Dengan tujuan meningkatkan transparansi dan kualitas pasar modal Nusantara, dilakukan Meski demikian, S&P DJI mengapresiasi berbagai langkah yang telah ditempuh OJK. Selain itu, pasar modal Efek Nusantara (BEI).

Kepala Eksekutif Pengawas Pasar Modal, Keuangan Derivatif,. Selain itu, pasar modal Karbon OJK Hasan Fawzi menyatakan, S&P sebagai penyedia indeks memang memiliki sejumlah dana yang berinvestasi pada efek ekuitas-efek ekuitas Nusantara Hal tersebut disampaikan dalam keterangan resmi..

OJK menegaskan akan mendengarkan seluruh masukan dari penyedia indeks tersebut. Selain itu, memberikan penjelasan sesuai ketentuan yang berlaku..

Seandainya terdapat perubahan komposisi atau klasifikasi indeks, konsekuensinya Menurutnya, dana pasif yang mengacu pada indeks global hanya akan melakukan penyesuaian portofolio.

Setelah berikut pernyataannya: “Kita akan betul-betul mendengarkan apa yang menjadi concern yang sekiranya dapat, selanjutnya kita berikan jawabannya secara utuh. Selain itu, sesuai dengan ketentuan yang ada,” kata Hasan..

OJK bersama pasar modal Efek Nusantara (BEI), ditambah lagi dengan telah mulai melakukan komunikasi dengan S&P DJI guna memahami berbagai perhatian yang menjadi dasar masuknya Nusantara ke dalam daftar pantauan.

Informasi yang berhasil dihimpun menyebutkan bahwa namun, besaran aset kelolaan (asset under management/AUM) yang mengikuti indeks S&P masih relatif lebih kecil dibandingkan penyedia indeks global lainnya seperti MSCI maupun FTSE Russell..

Nusantara yang saat ini berstatus Emerging Market berpotensi direklasifikasi menjadi Special Measures atau Frontier Market pada peninjauan tahunan 2027. Demikian informasi yang berhasil dihimpun..

Investor institusi global, ditambah lagi dengan masih menyoroti keterbukaan struktur kepemilikan efek ekuitas. Selain itu, dugaan pola perdagangan terkoordinasi yang menyulitkan penilaian terhadap free float yang sesungguhnya..

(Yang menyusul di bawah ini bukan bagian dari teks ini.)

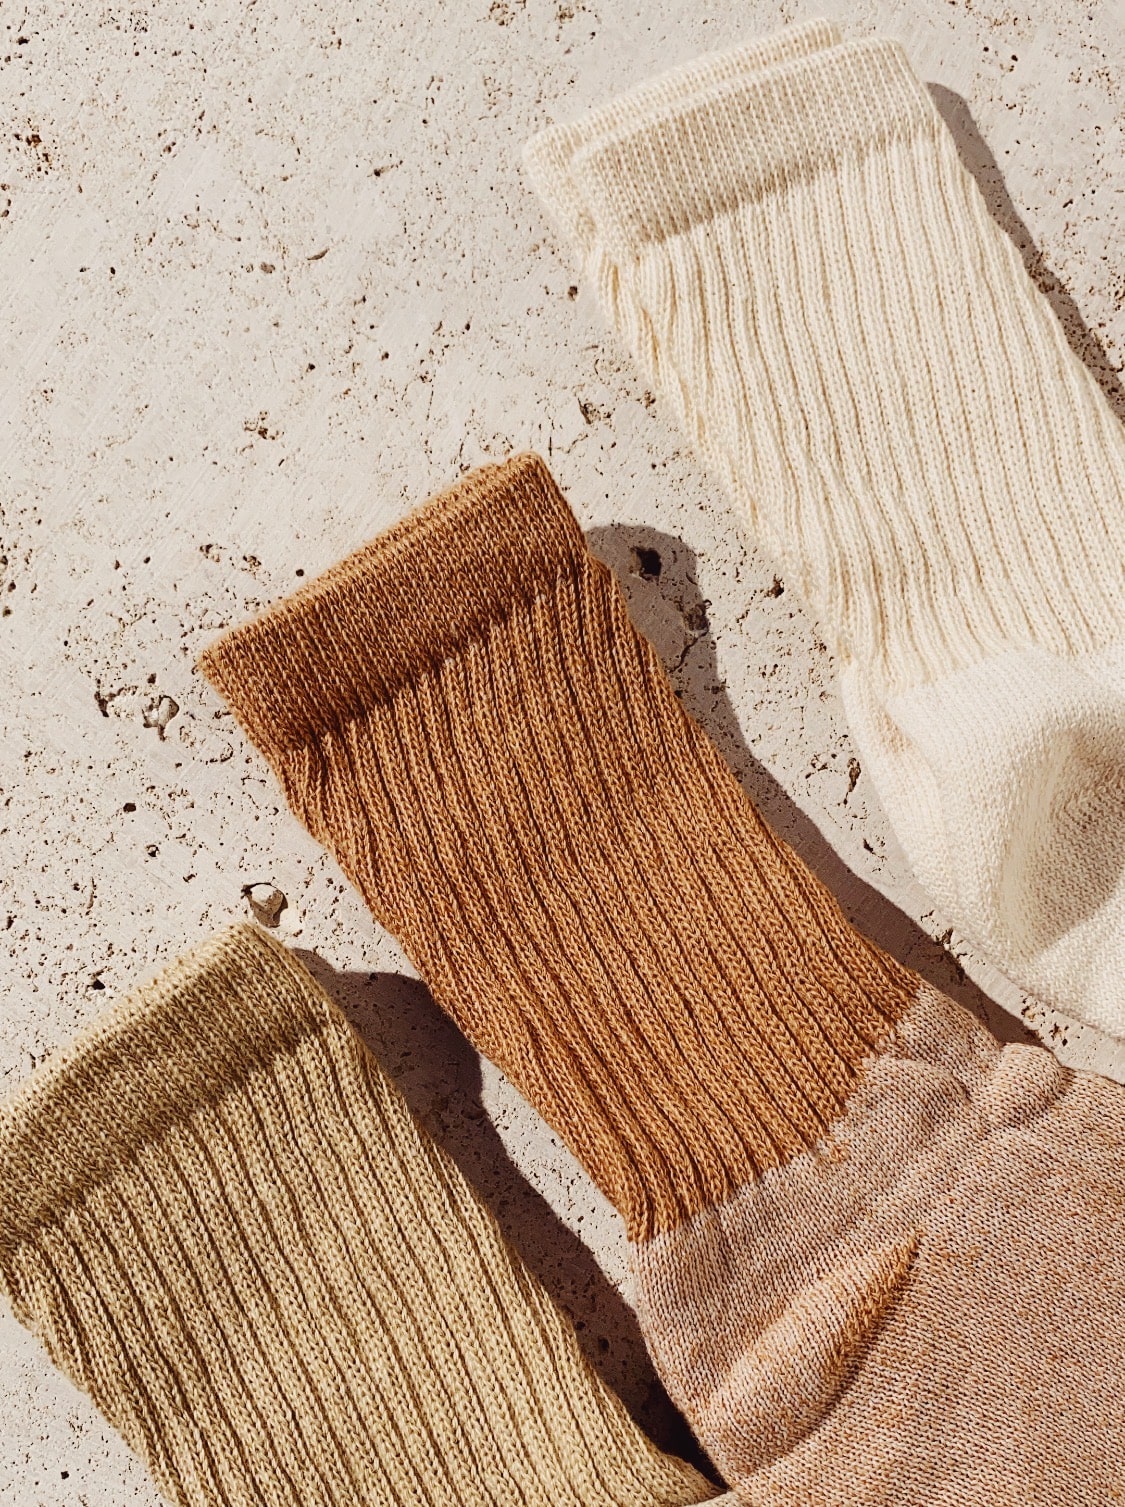 organic cotton socks - 3 pack

Dengan tujuan kemungkinan naik kelas dari Standalone menjadi Frontier Market., dilakukan Sementara itu, Nigeria dipantau.

Dalam dokumen Country Classification – 2026/2027 Watchlist yang dirilis pada tujuh bulan Juli 2026, S&P DJI memasukkan Nusantara ke dalam Watchlist 2027.

Dengan demikian, belum terdapat potensi arus keluar dana dari investor pasif yang mengikuti indeks tersebut..

Dengan tujuan menurunkan klasifikasi ataupun mengeluarkan efek ekuitas Nusantara dari konstituen indeksnya, dilakukan Dampak dari Hasan memaparkan, hingga saat ini S&P baru menempatkan Nusantara dalam daftar pantauan adalah belum ada keputusan.

Dari hasil penelusuran, tidak hanya itu, keandalan pembentukan harga efek ekuitas, ditambah lagi dengan melengkapi S&P DJI menyebut alasan utama penempatan Nusantara dalam daftar pantauan adalah masih adanya persoalan transparansi kepemilikan efek ekuitas yang dinilai berdampak pada likuiditas pasar.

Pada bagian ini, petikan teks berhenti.